Only the lines below from the one that holds "Darren Sammy tonks" through the one that holds "Fotografía facilitada por" should appear in the answer, copied exactly, end lines included and pictures omitted.

> **THE DATA**
□ □ □
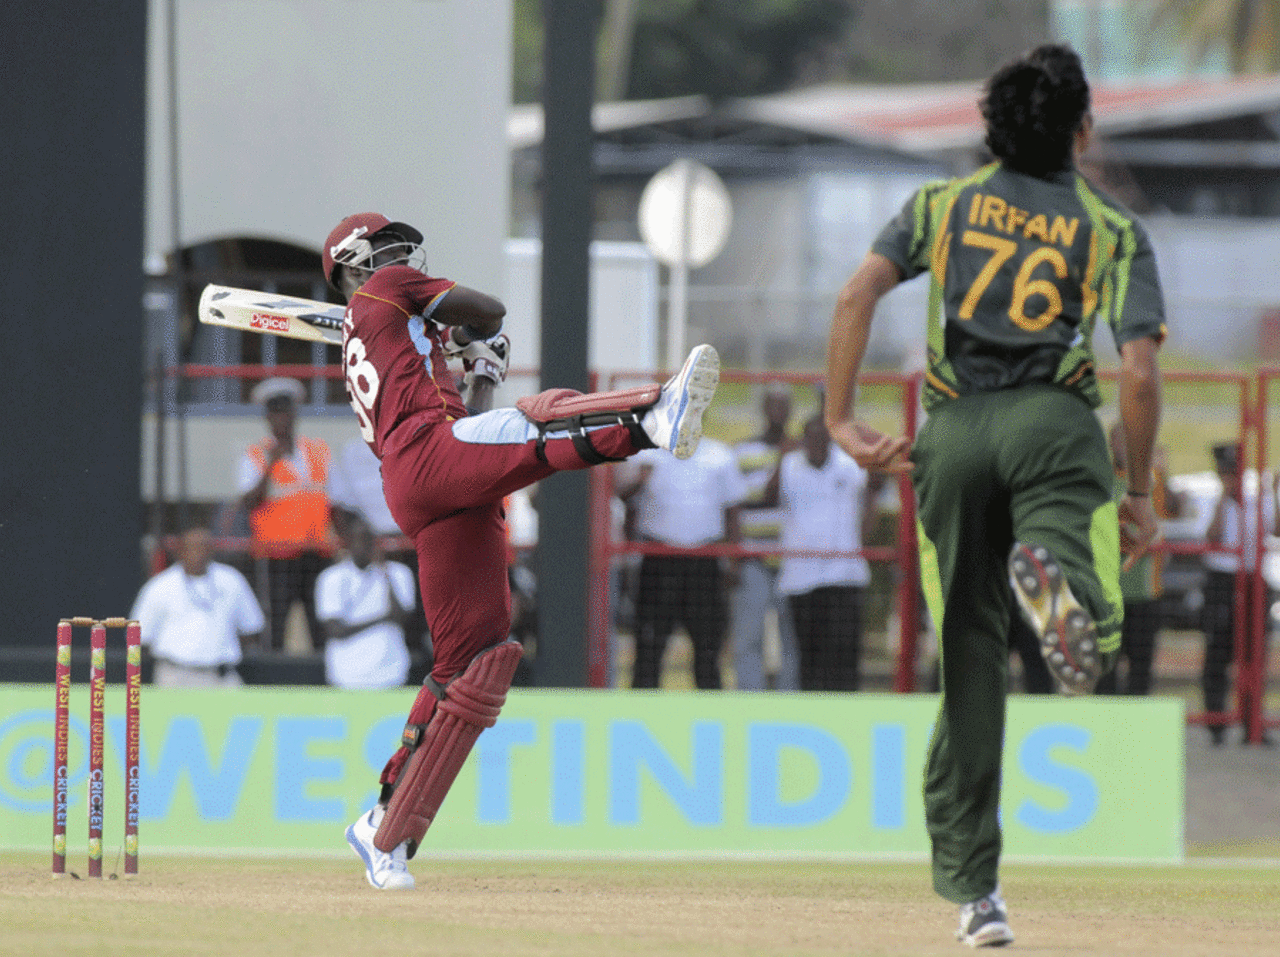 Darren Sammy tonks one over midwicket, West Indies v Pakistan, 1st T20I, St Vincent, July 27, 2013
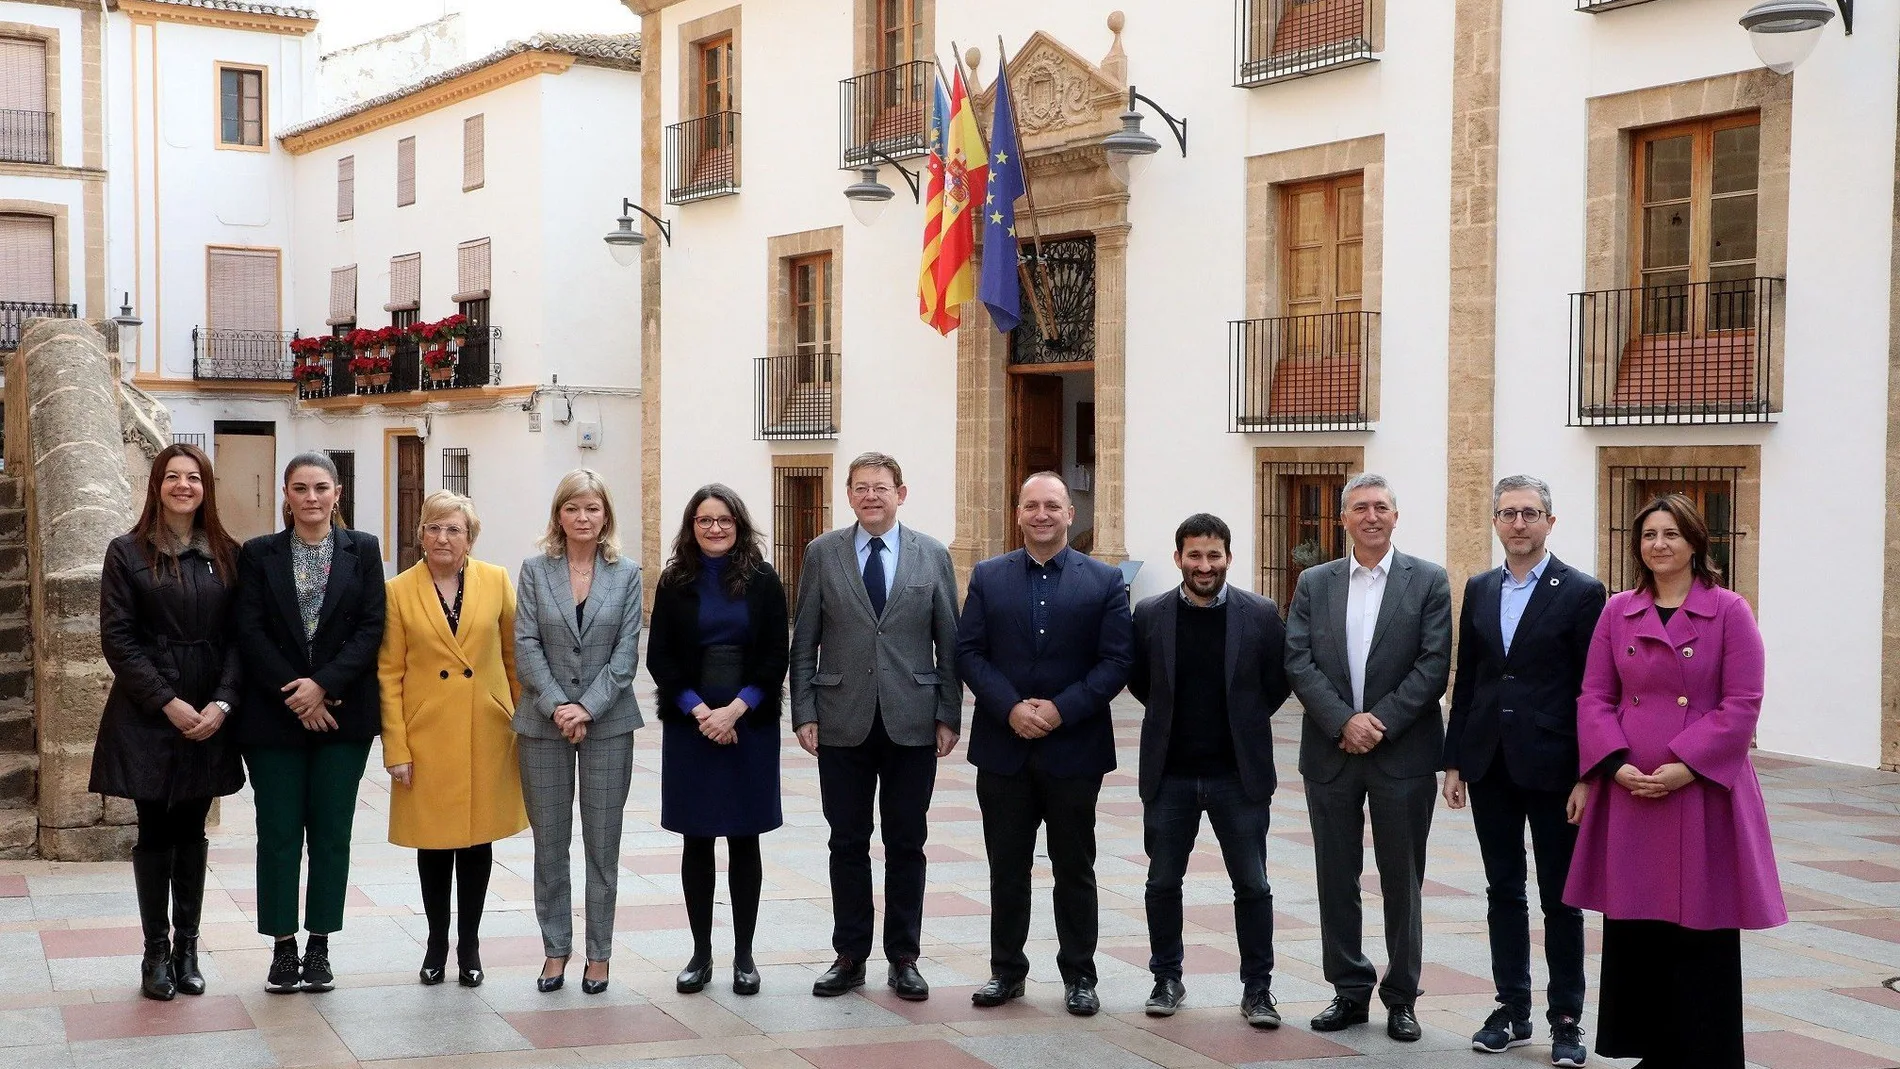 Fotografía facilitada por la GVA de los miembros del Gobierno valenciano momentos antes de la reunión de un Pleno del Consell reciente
□ □ □
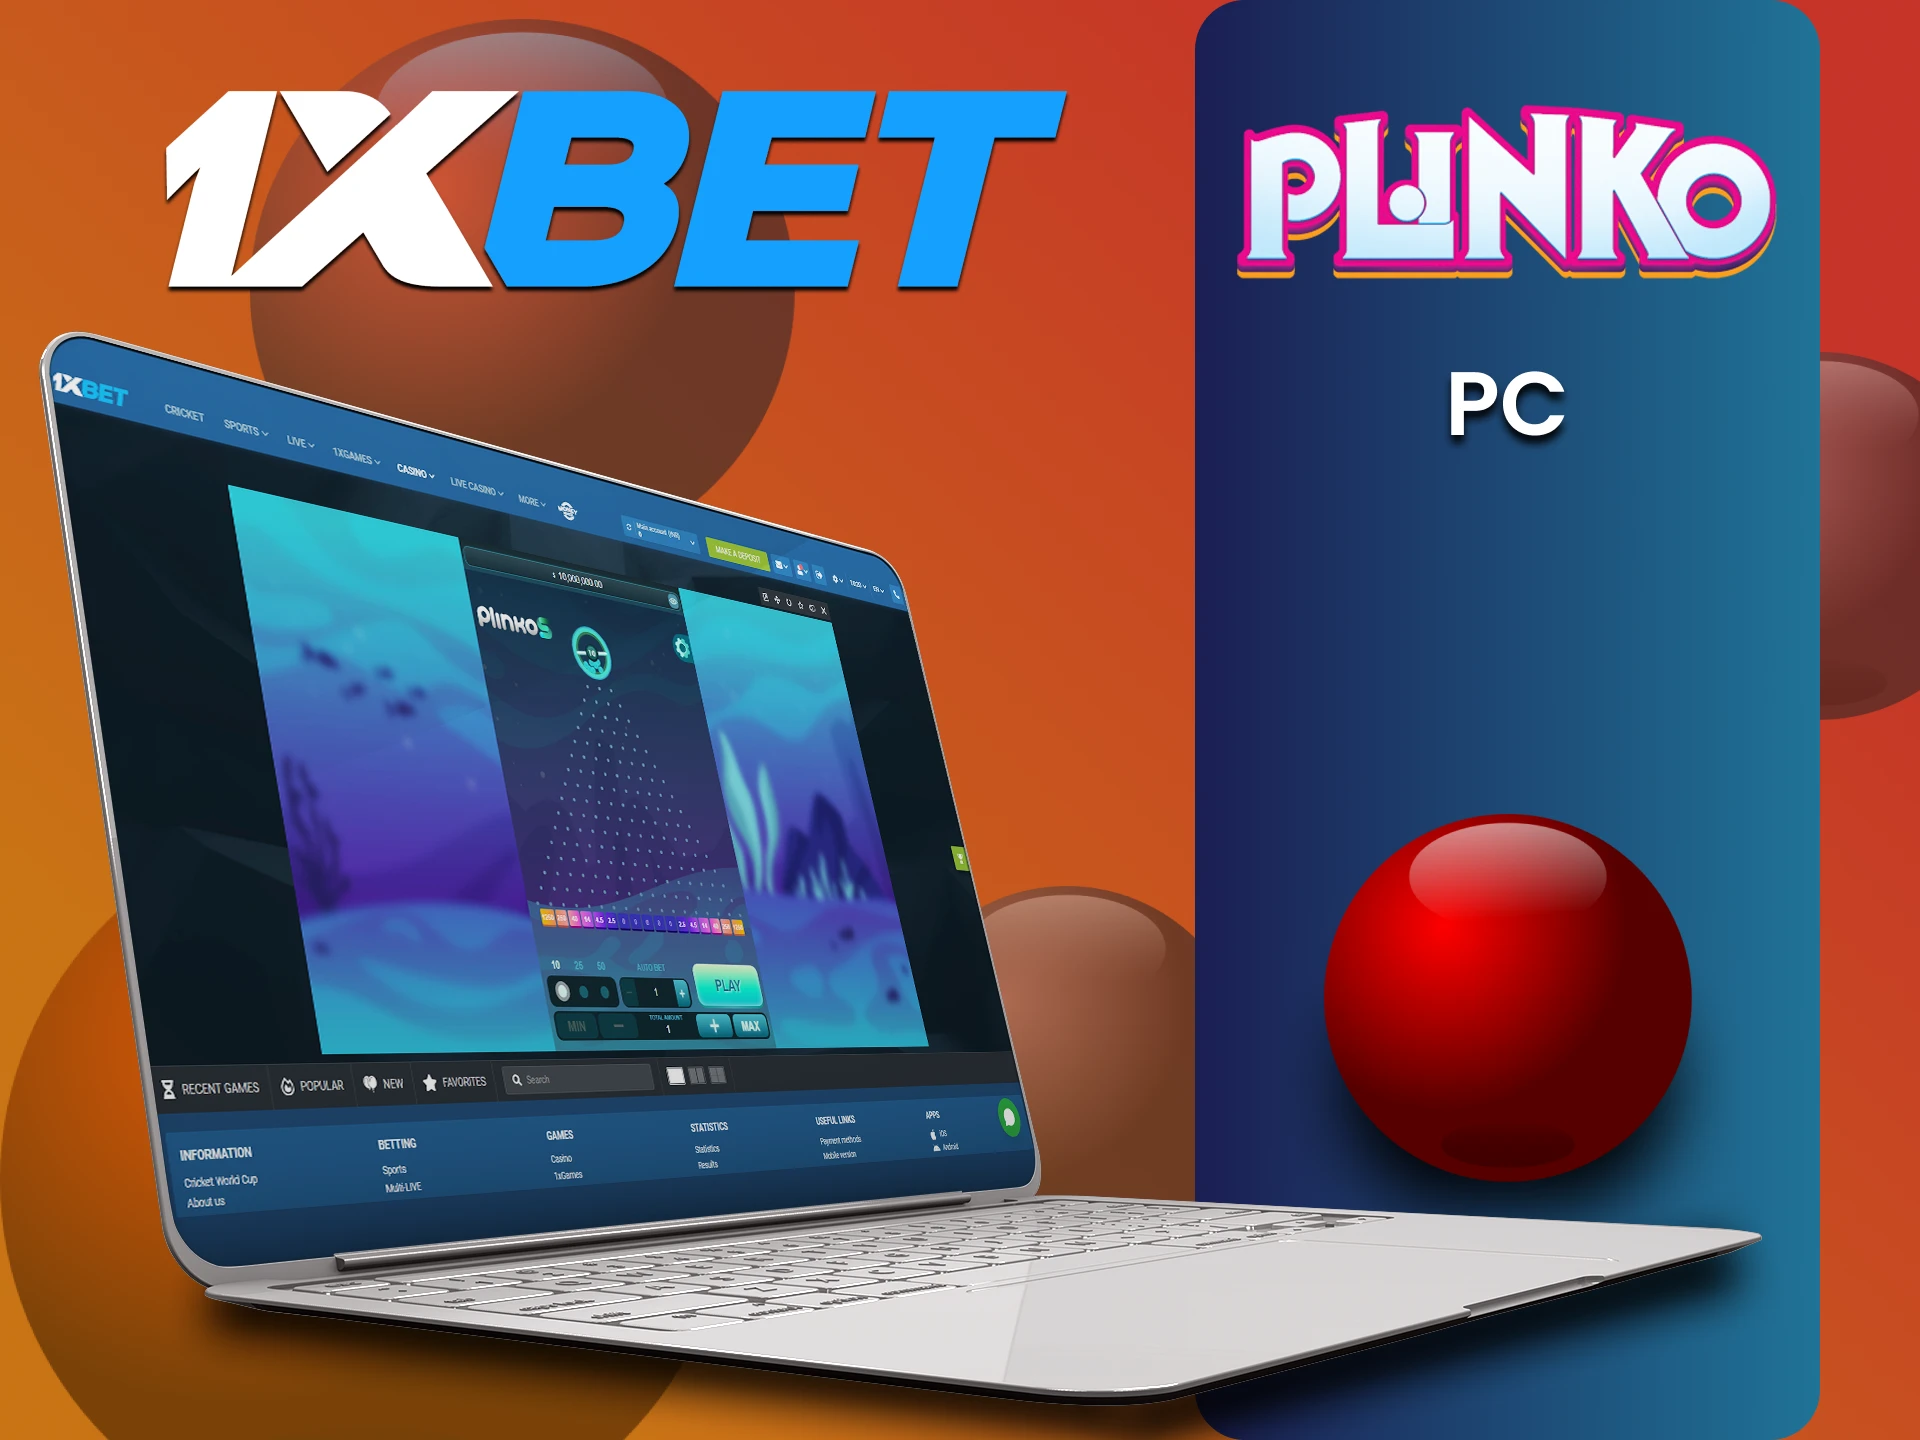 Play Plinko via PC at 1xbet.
□ □ □
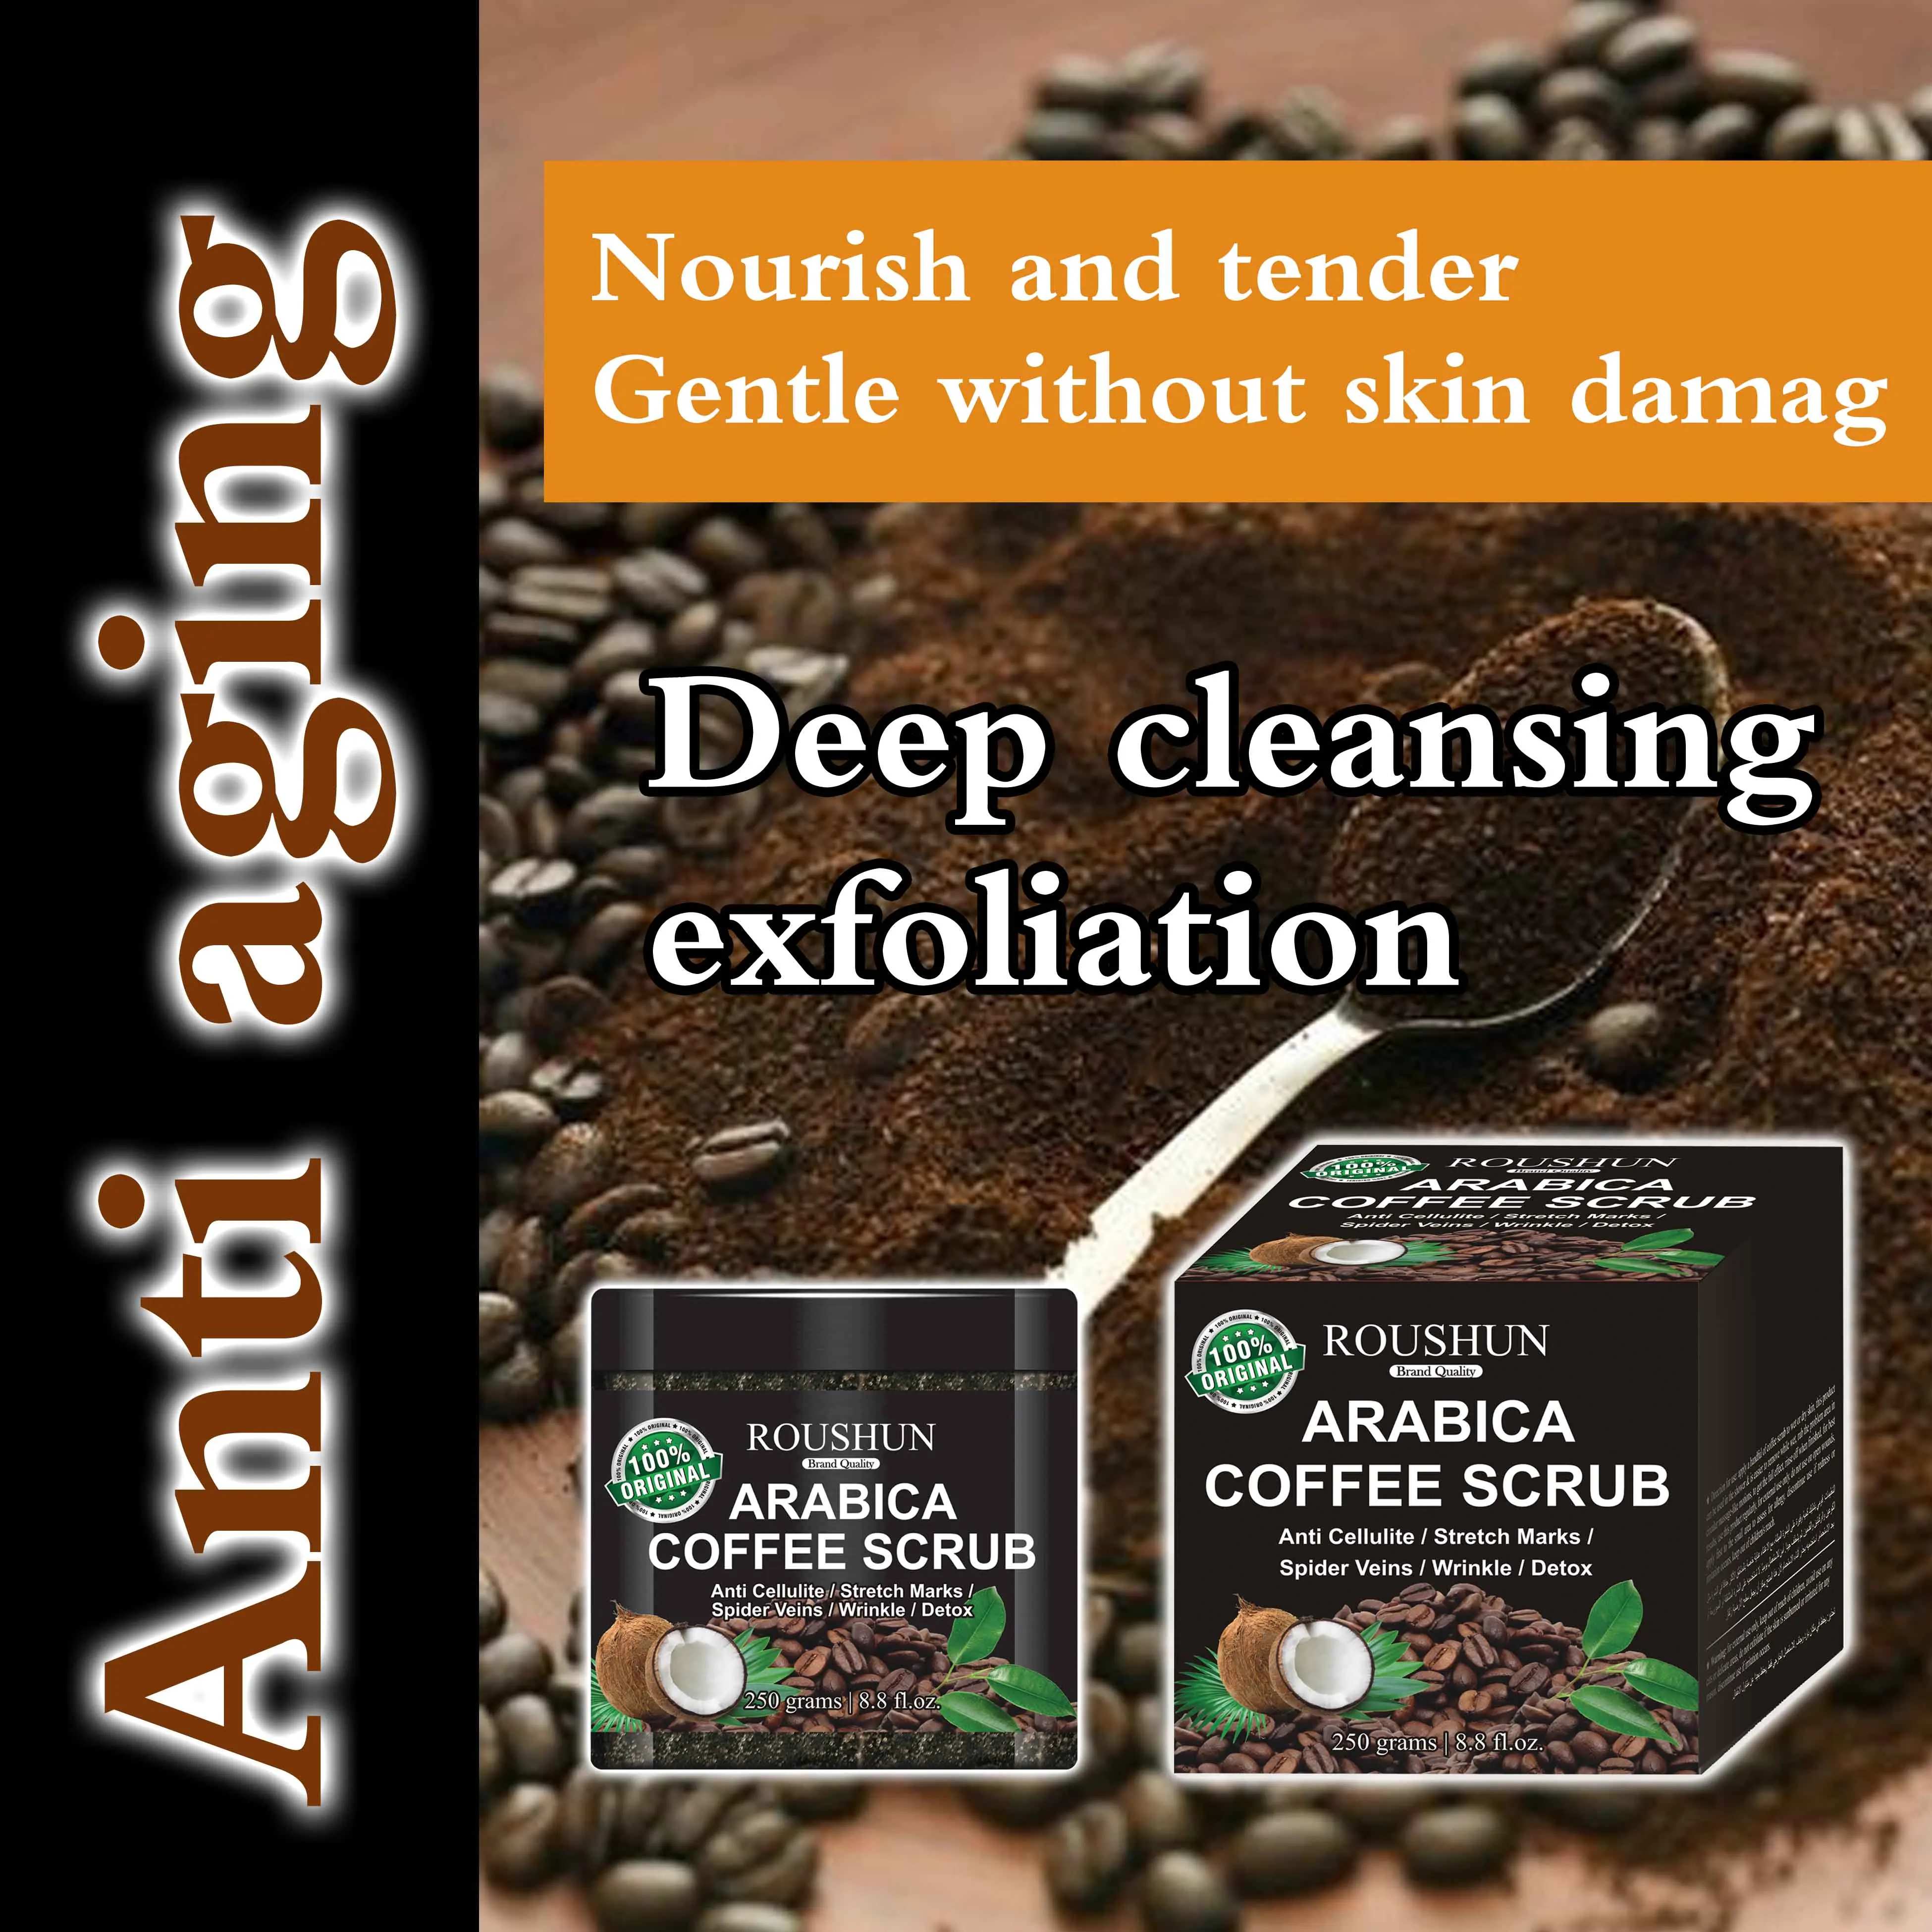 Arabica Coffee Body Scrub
□ □ □
> **REPLY TO THE EXERCISE**
 Darren Sammy tonks one over midwicket, West Indies v Pakistan, 1st T20I, St Vincent, July 27, 2013
 Fotografía facilitada por la GVA de los miembros del Gobierno valenciano momentos antes de la reunión de un Pleno del Consell reciente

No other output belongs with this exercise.